DECEMBER 6, 1938
NEW YORK , Monday—We landed this morning from the liner "Cherokee" after a most delightful trip from Jacksonville, Florida. The first day was smooth and sunny. We landed in Charleston, S.C., Saturday and had a whole morning there. This not being the season for gardens, we wandered around the city. It was sad to see what have the hurricane had wrought. Trees were down and great damage was done to St. Michael's Church. The theatre which WPA labor had restored was not very much damaged and I was interested to see it finished. It is really very charming and the woodwork, taken out of an old house, is as lovely as any I know. They certainly did beautiful detail work on their mantelpieces, doorways and cornices in the early days in this country.
Yesterday the weather was not as pleasant, so we played shuffle-board. I found that after twenty years I enjoyed being coached by one of the passengers who was particularly kind in trying to teach me the rudiments of the game. I am peculiarly stupid at all games, but this was great fun and we acquired quite an audience to cheer on my efforts.
For a very brief time we had fog, but it was low and we were soon out of it and the sunset sky was very beautiful. However, it was not as lovely as it was on Saturday night, when the sun went down into the ocean like a ball of fire and little clouds which blew across it made it look like a map with islands dotted here and there on a nice round sea.
A letter from my aunt, Mrs. Gray, says she misses us all, which is pleasant to hear, for I remember one of my neighbors who always used to say, "Guests is pests," after they had gone and she sank wearily back to recuperate from trying to entertain them. I really think the happiest arrangement for both hosts and guests when they know each other well enough, is that they be together happily when they wish to be, but still free at other times to follow their own inclinations and desires.
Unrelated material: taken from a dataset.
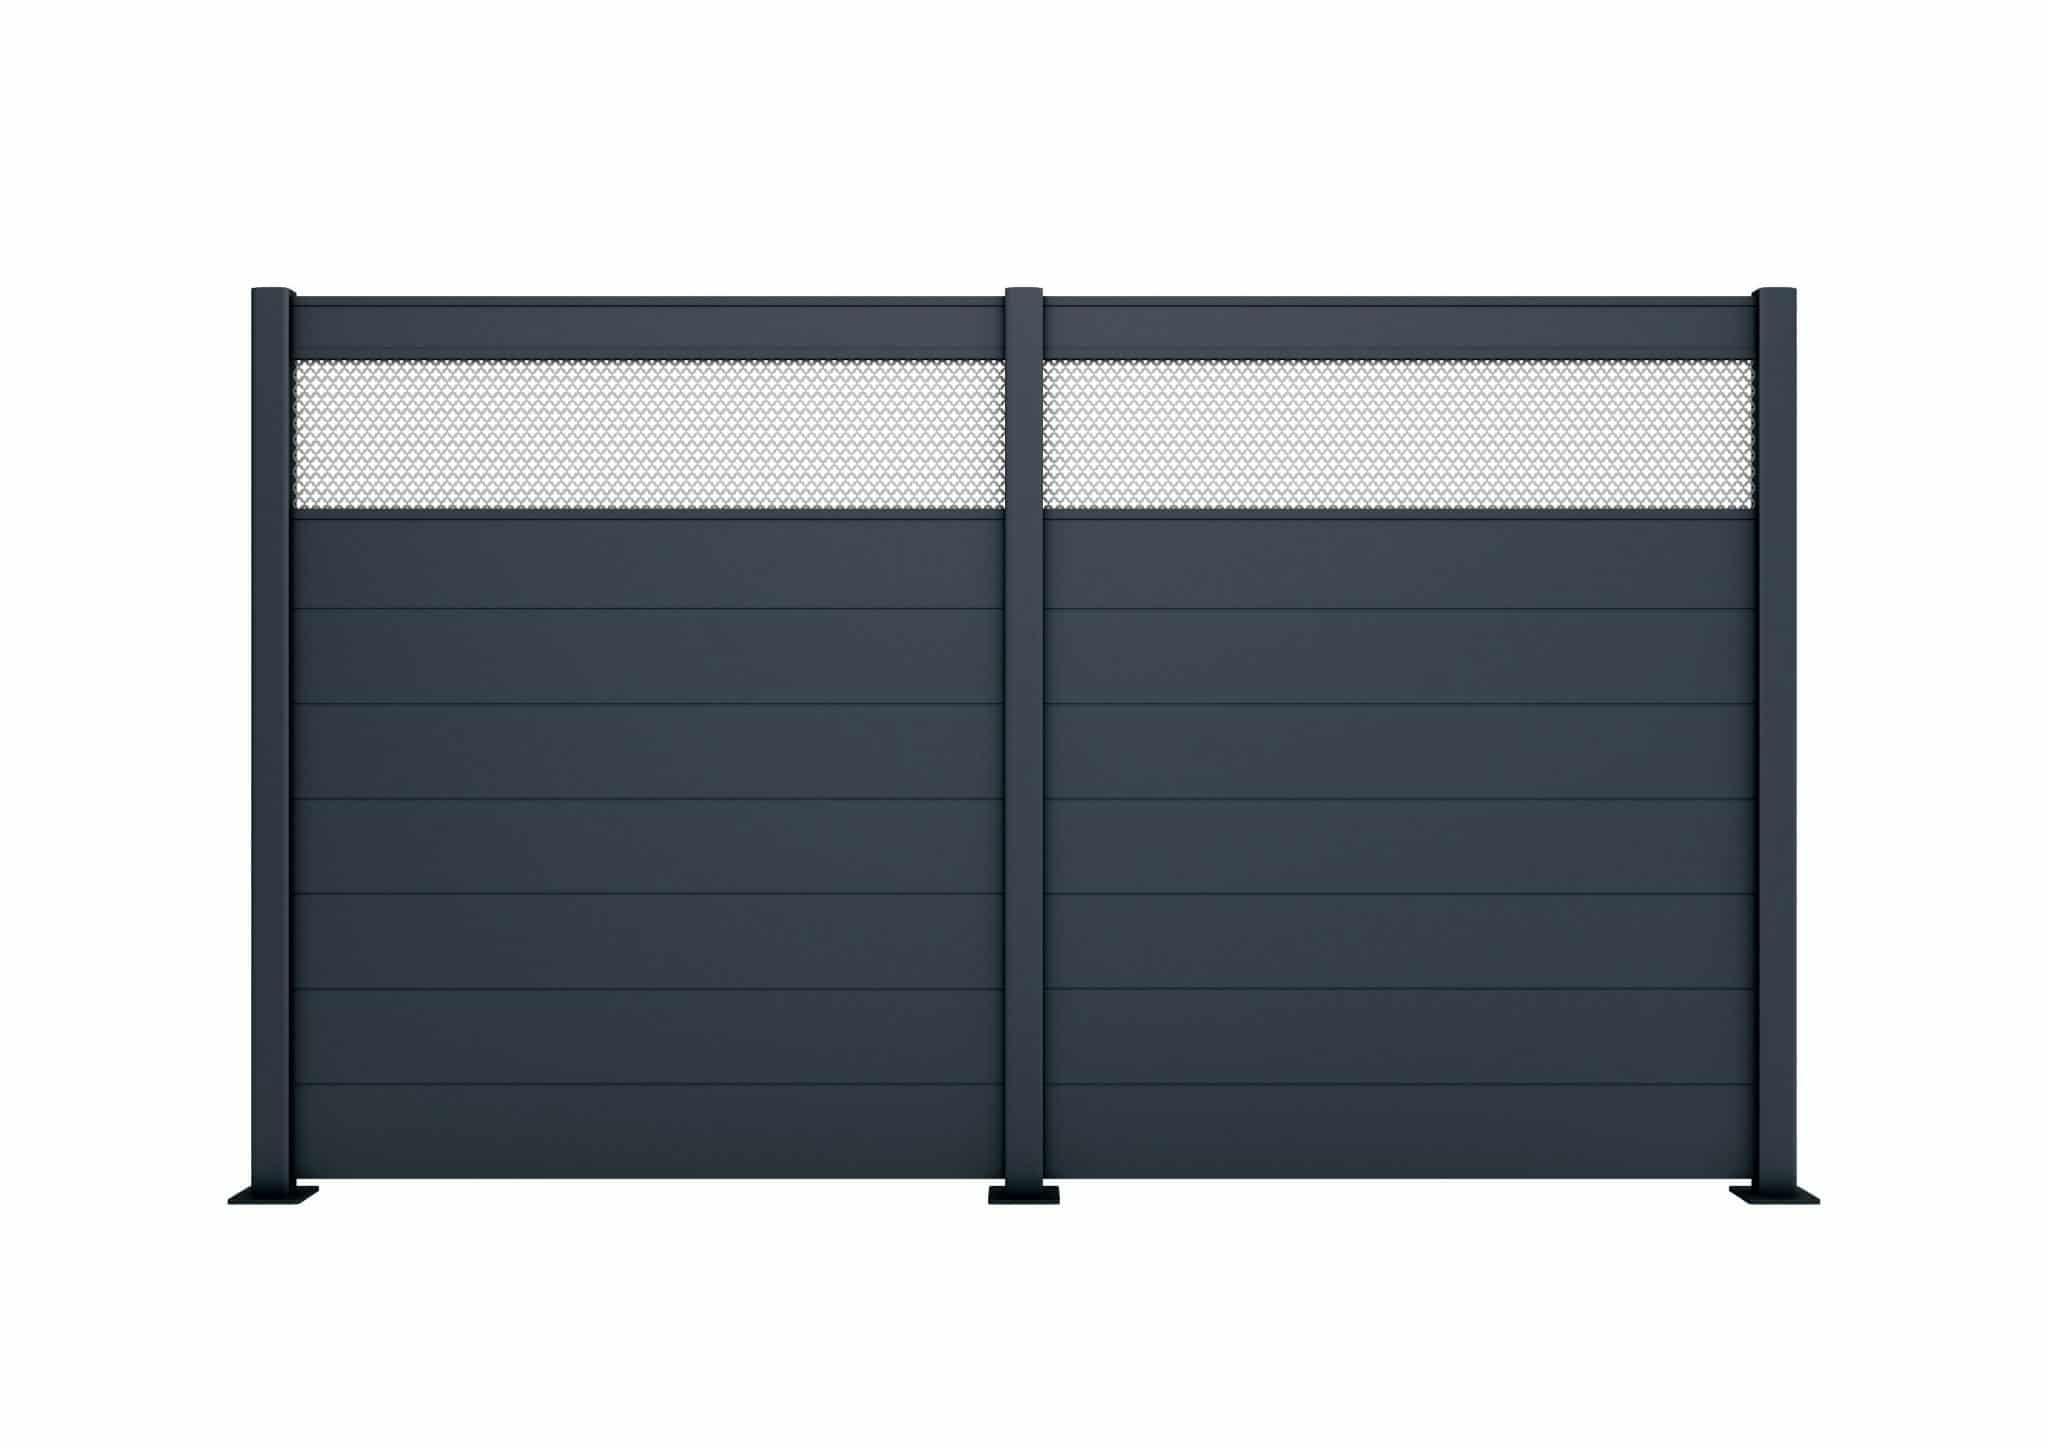 claustra aluminium plumbago les contemporains charuel. Black Bedroom Furniture Sets. Home Design Ideas

I remember hearing an English visit described by an American couple this summer. They told of the elaborate arrangements made for every minute of the day, their own desire to see a friend who lived nearby, and their hostess' horror that they should make any arrangement without consulting her beforehand. To have everything arranged for you if you are a stranger is rather pleasant, but it can make one feel rather tied down.
Being on the water, we have had three days without any mail and in some ways it certainly has been a great relief. But when I looked at the enormous brown envelope which covered the table this morning, I felt we were going to pay for our three day holiday.
(Copyright, 1938, by United Feature Syndicate, Inc.)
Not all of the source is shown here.